If a law conflicts with a policy in this Code, you must comply with the law; however, if a local custom or policy conflicts with this Code, you must comply with the Code. If you have any questions about these conflicts, you should ask your supervisor how to handle the situation.
Those who violate the standards in this Code will be subject to disciplinary action, up to and including termination of employment. If you are in a situation which you believe may violate or lead to a violation of this Code, follow the guidelines described in this Code.
Obeying the law, both in letter and in spirit, is the foundation on which this Company’s ethical standards are built. All employees must respect and obey the laws of the cities, states and countries in which we operate. Although not all employees are expected to know the details of these laws, it is important to know enough to determine when to seek advice from supervisors or other appropriate Company personnel.

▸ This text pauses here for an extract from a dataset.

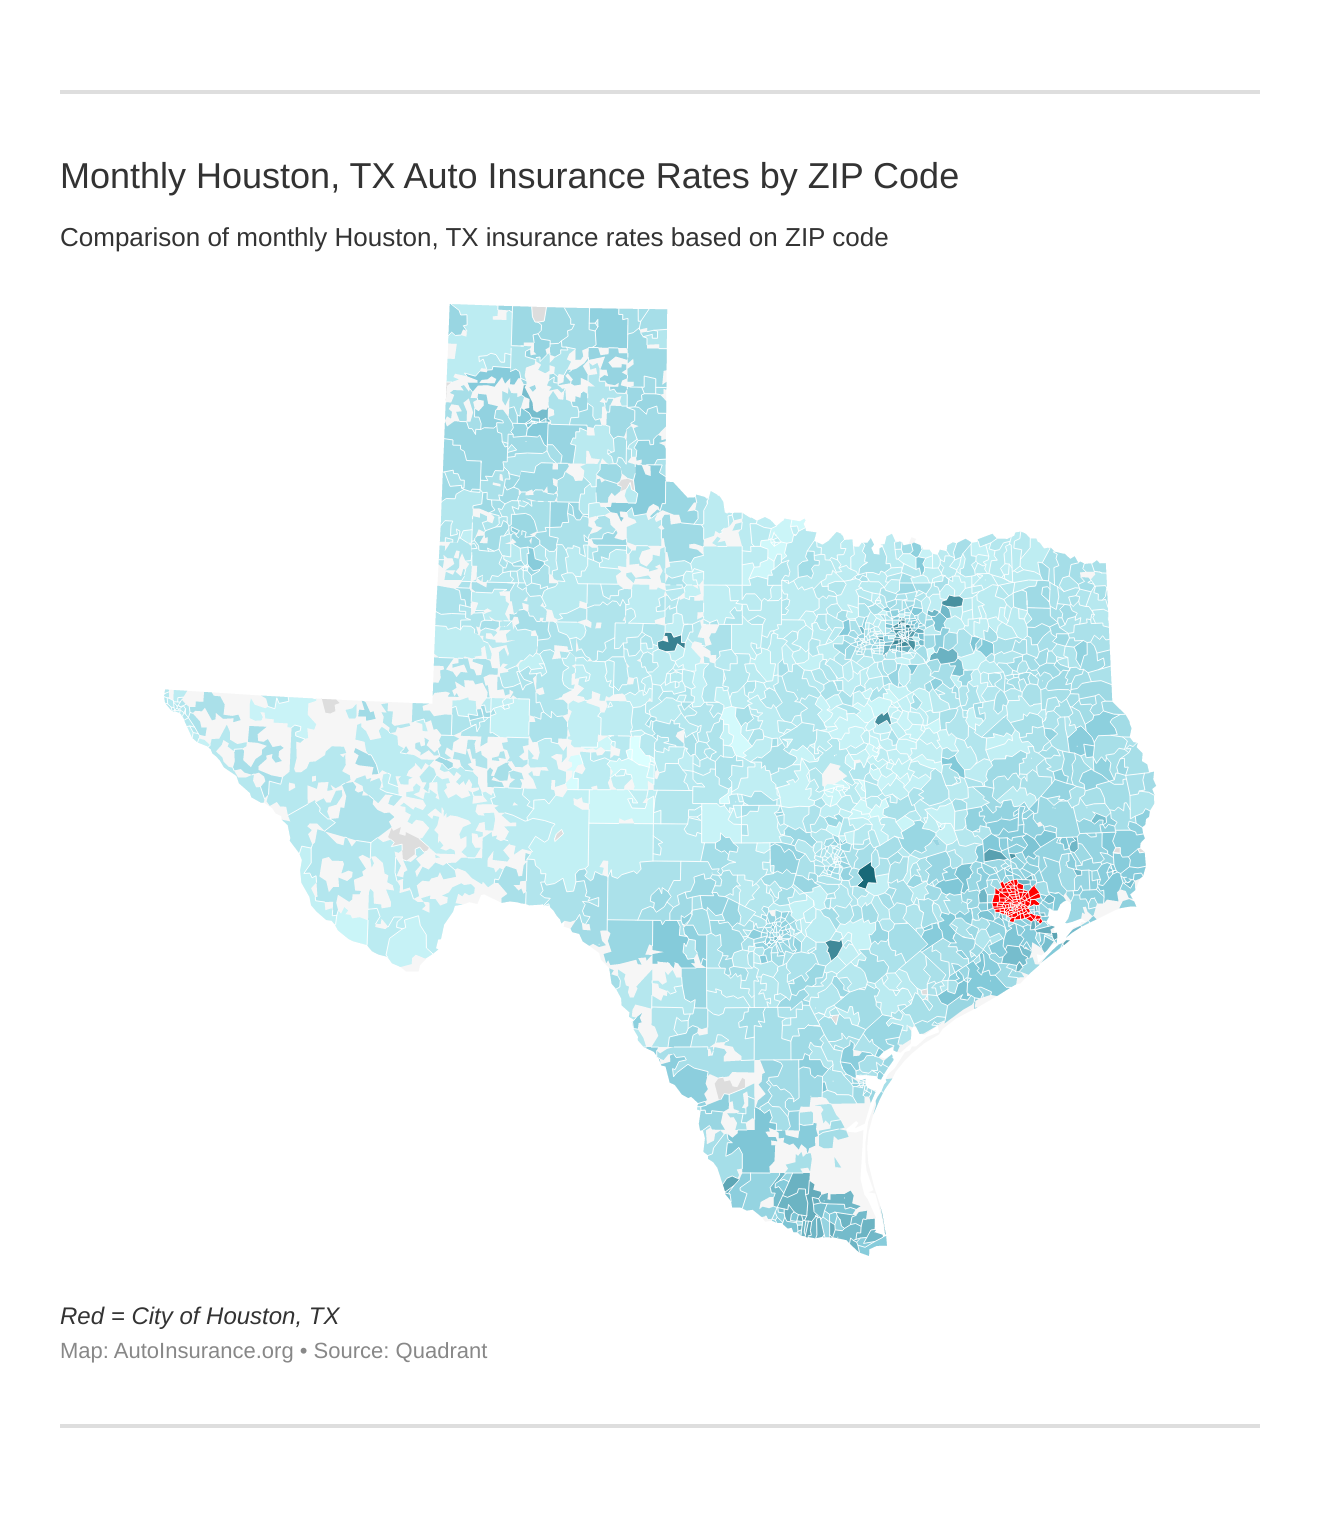 Monthly Houston, TX Auto Insurance Rates by ZIP Code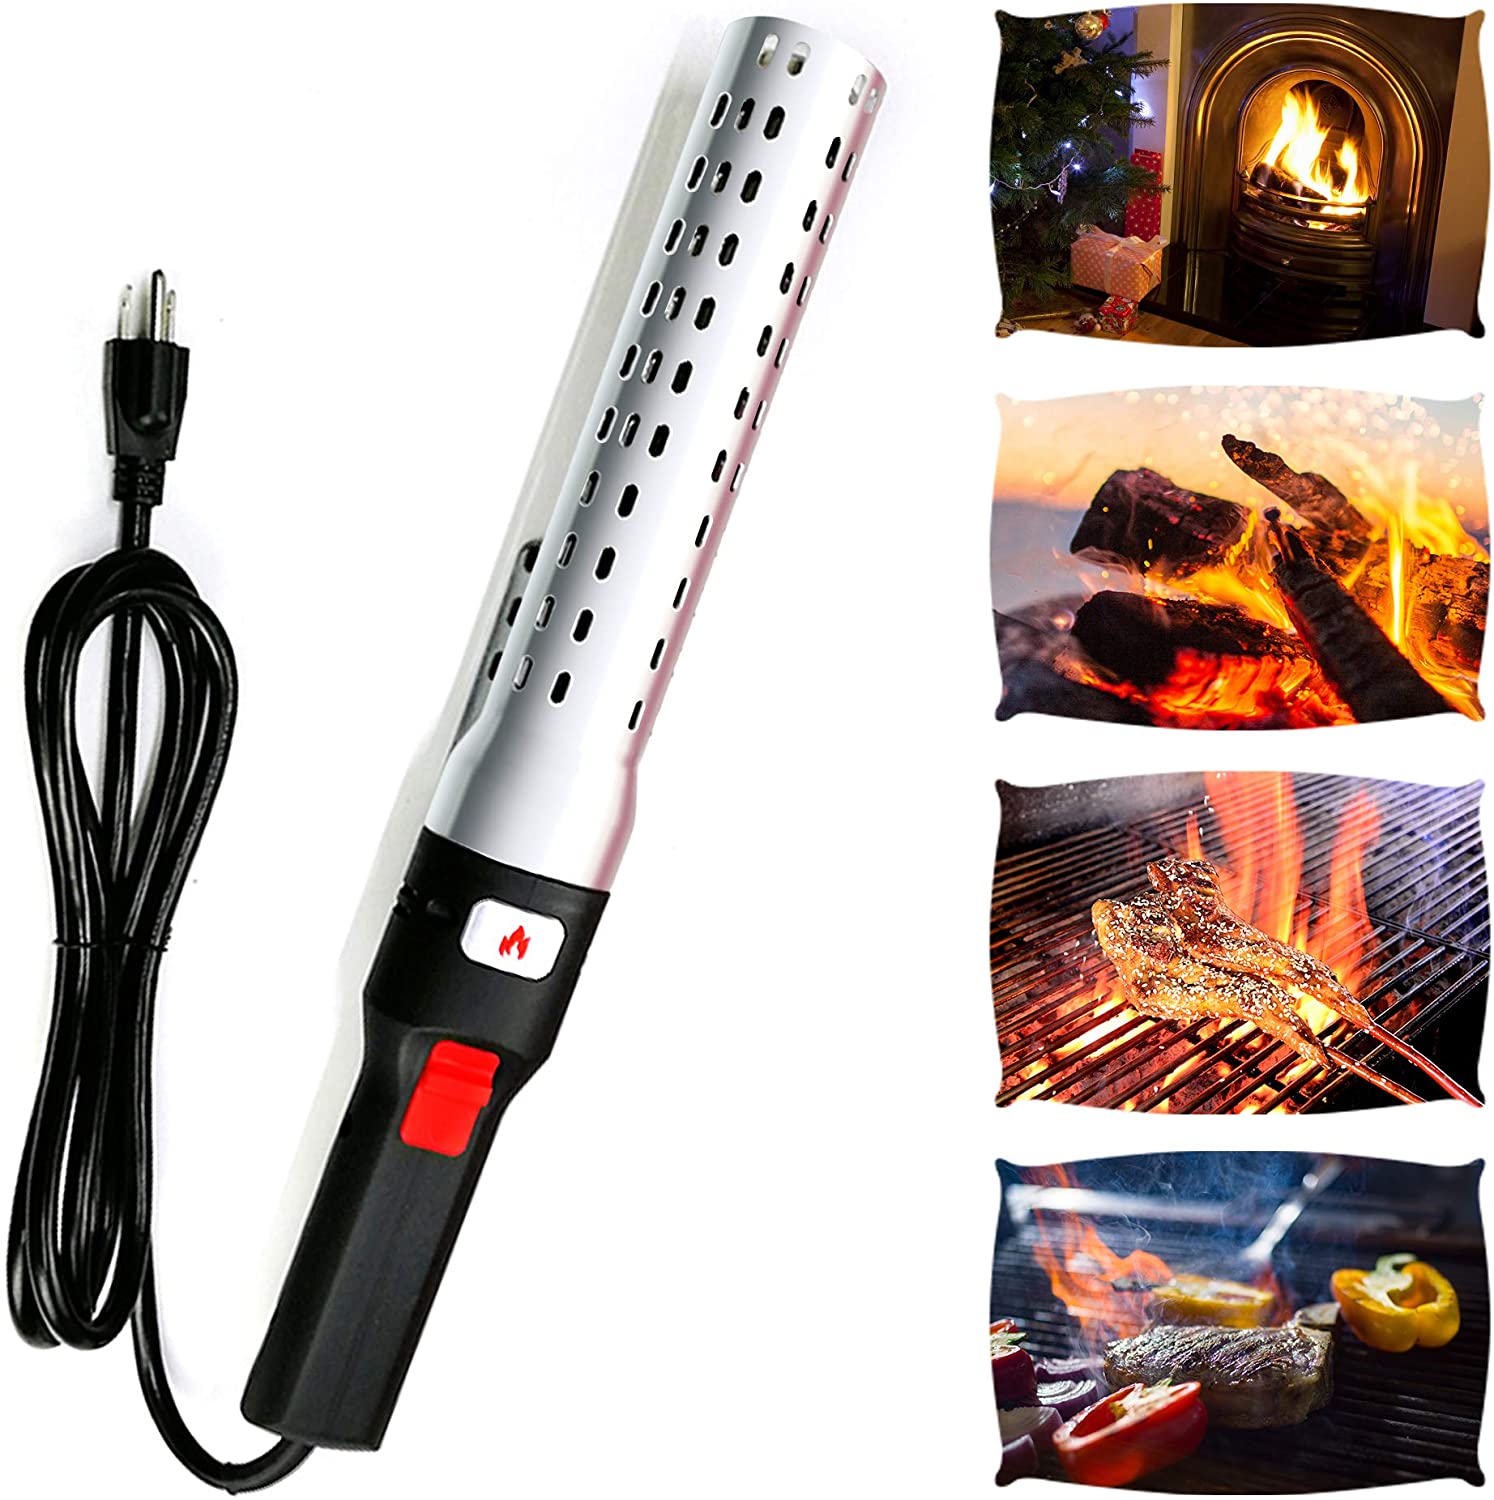 Electric Coal Starter and Lighter, Fire Starter, BBQ Smoker, Grill Starter with Built-in Blower, Super Quick BBQ Ignites Briquettes, Wood, Fireplaces and Fire Pits

A “conflict of interest” exists when a person’s private interest interferes in any way with the interests of the Company. A conflict situation can arise when an employee, officer or director takes actions or has interests that may make it difficult to perform his or her Company work objectively and effectively. Conflicts of interest may also arise when an employee, officer or director, or members of his or her family, receives improper personal benefits as a result of his or her position in the Company. Loans to, or guarantees of obligations of, employees, officers or directors and their family members may create conflicts of interest.
It is a conflict of interest for a Company employee, officer, director or consultant to work simultaneously for a competitor, customer or supplier. The best policy is to avoid any direct or indirect business connection with our competitors, customers or suppliers, except on our behalf.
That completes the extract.